Group work is a form of voluntary association of members benefiting from cooperative learning, that enhances the total output of the activity than when  done individually. It aims to cater for individual differences, and develop skills such as communication skills, collaborative skills, critical thinking skills, etc.  It is also meant to develop generic knowledge and socially acceptable attitudes.  Through group work, a "group mind" - conforming to standards of behavior and judgement - can be fostered.

Specifically in psychotherapy and social work, "group work" refers to group therapy, offered by a practitioner trained in psychotherapy, psychoanalysis, counseling or other relevant disciplines.

Social group work 

Social group work is a method of social work that helps persons to enhance their social functioning through purposeful group experiences and to cope more effectively with their personal, group or community problems (Marjorie Murphy, 1959).

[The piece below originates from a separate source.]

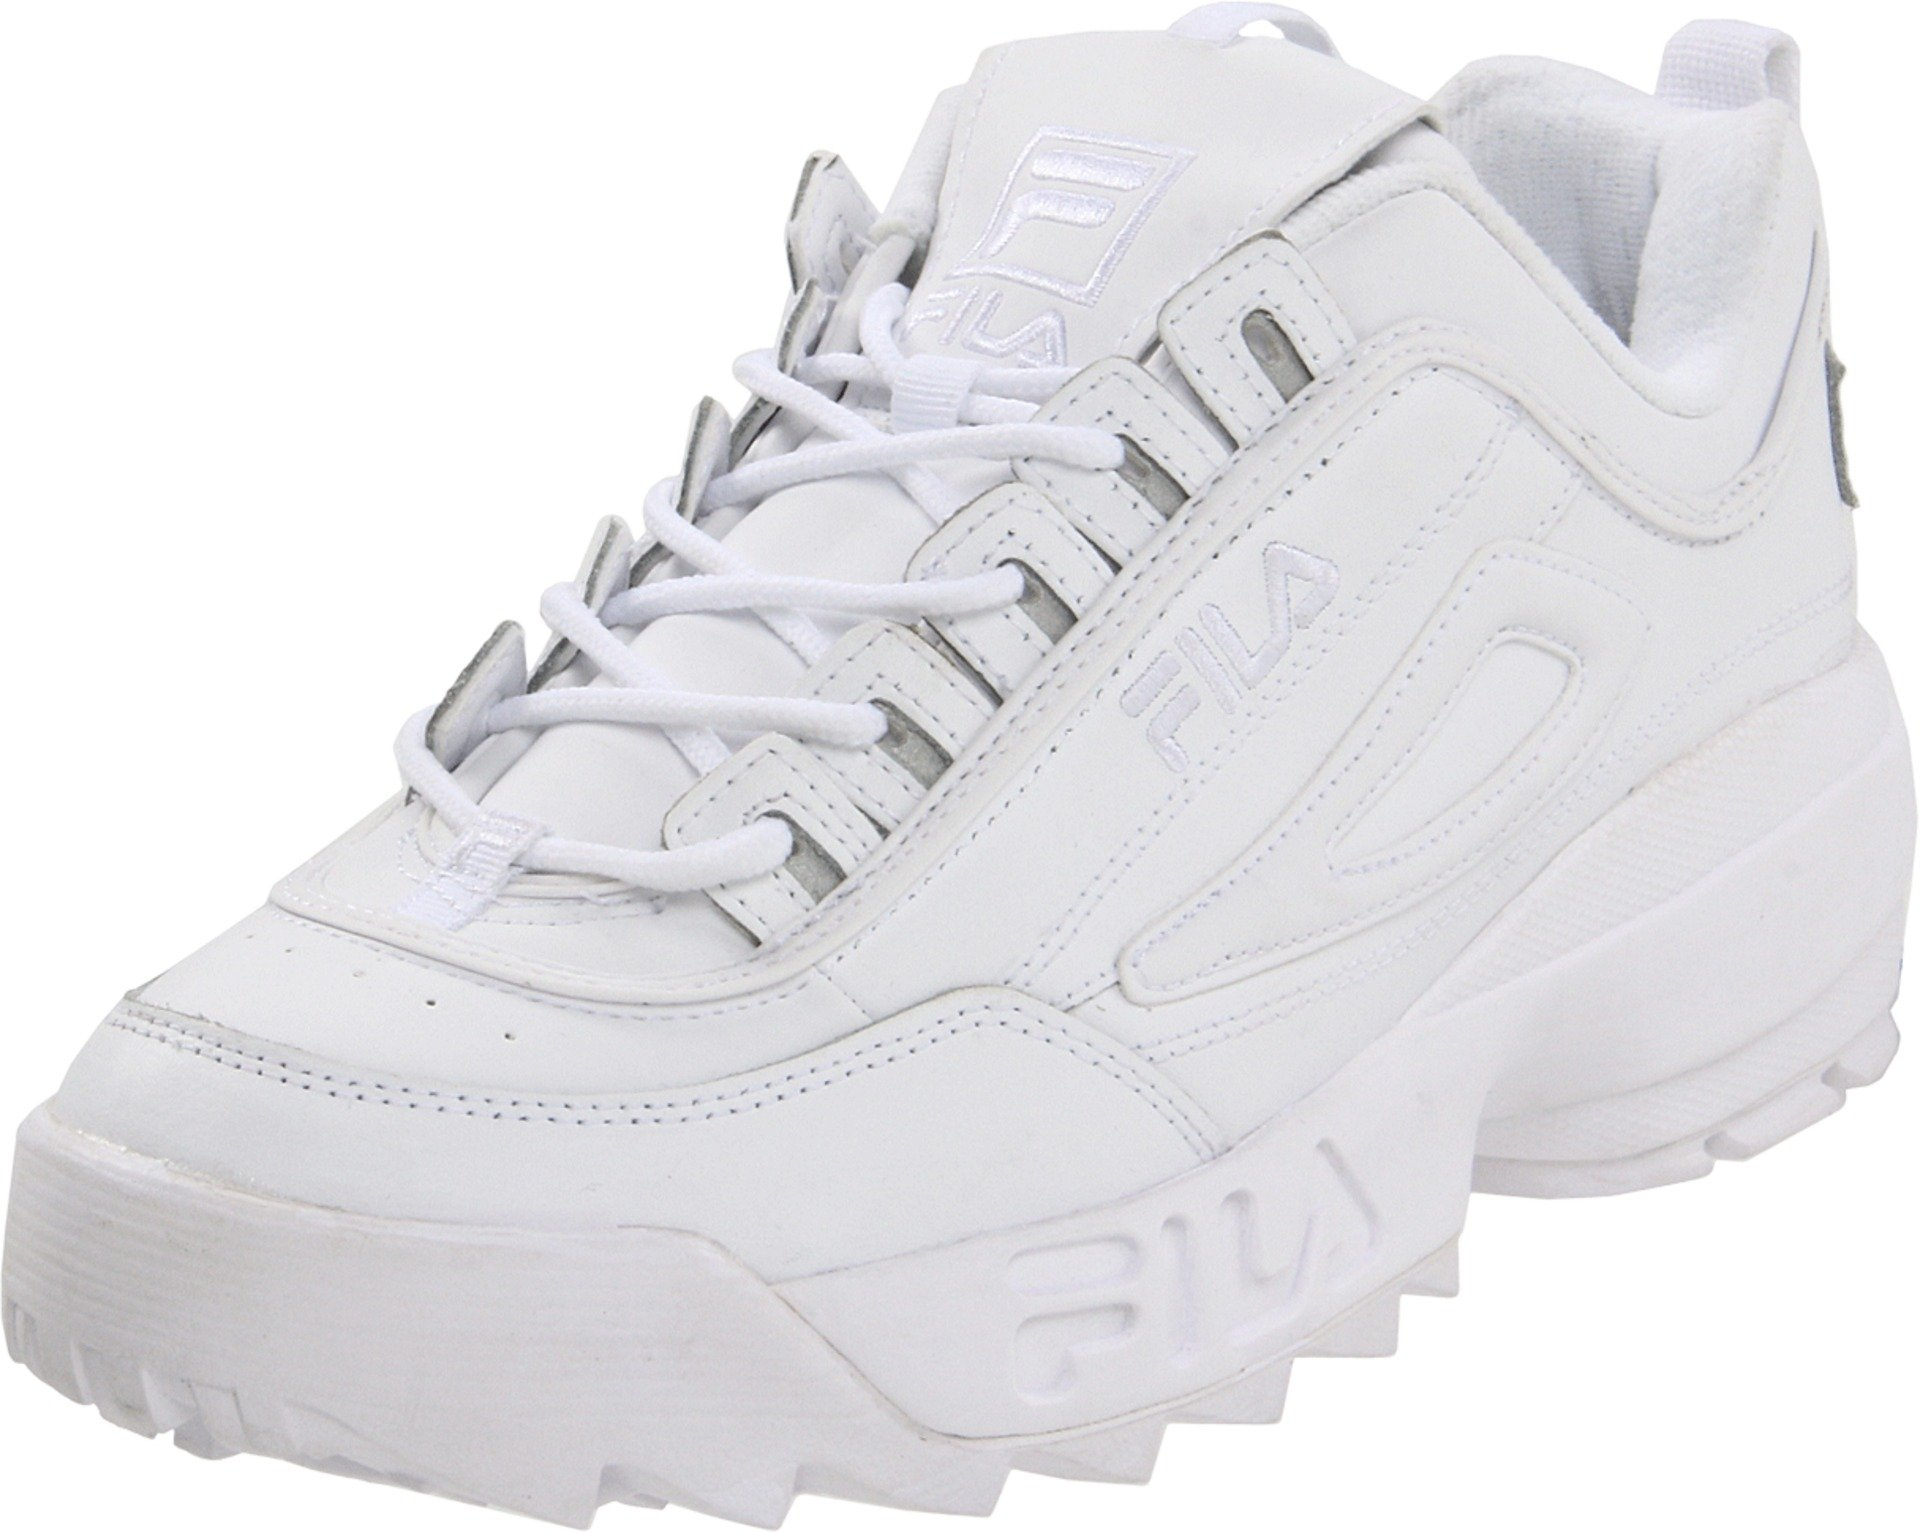 Fila Fila FW04495 FW01655 FW01653 Men's Classic Disruptor II Sneakers All Colors (7 D(M) US Men, Triple White)

Social group work, is a primary modality of social work in bringing about positive change, it is defined as an educational process emphasizing the development and social adjustment of an individual through voluntary association and use of this association as a means of furthering socially desirable end. It is a psycho social process which is concerned in developing leadership and cooperation with building on the interests of the group for a social purpose. Social group work is a method through which individuals in groups in social agency setting are helped by a worker who guides their interaction through group activities so that they may relate to others and experience growth opportunities in accordance with their needs and capacities to the individual, group and community development. It aims at the development of persons through the interplay of personalities in group situation and at the creation of such group situation as provide for integrated, cooperative group action for common ends. It is also a process and a method through which group life is affected by worker who consciously directs the interacting process towards the accomplishment of goals which are conceived in a democratic frame of reference. Its distinct characteristics lies in the fact that group work is used with group experience as a means of individual growth and development, and that the group worker is concerned in developing social responsibility and active citizenship for the improvement of democratic society. Group work is a way to serving individual within and through small face to face group in order to bring about the desired change among the client participants.

Models
There are four models in social group work:
 
 Remedial model (Vinter, R. D., 1967) – Remedial model focuses on the individuals dysfunction and utilizes the group as a context and means for altering deviant behaviour. 
 Reciprocal or Mediating model (W. Schwartz, 1961) - A model based on open systems theory, humanistic psychology and existential perspective. Relationship rooted in reciprocal transactions and intensive commitment is considered critical in this model.
 Developmental model (Berustein, S. & Lowy, 1965) - A model based on Erikson's ego psychology, group dynamics and conflict theory. In this model groups are seen as having "a degree of independence and autonomy, but the dynamics of to and fro flow between them and their members, between them and their social settings, are considered crucial to their existence, viability and achievements". The connectedness (intimacy and closeness) is considered critical in this model.
 Social goals model (Gisela Konopka & Weince, 1964) - A model based on 'programming' social consciousness, social  responsibility, and  social change. It suggests that democratic participation with others in a group situation can promote enhancement of personal function in individuals, which in-turn can affect social change. It results in heightened self-esteem and a rise in social power for the members of the group collectively and as individuals.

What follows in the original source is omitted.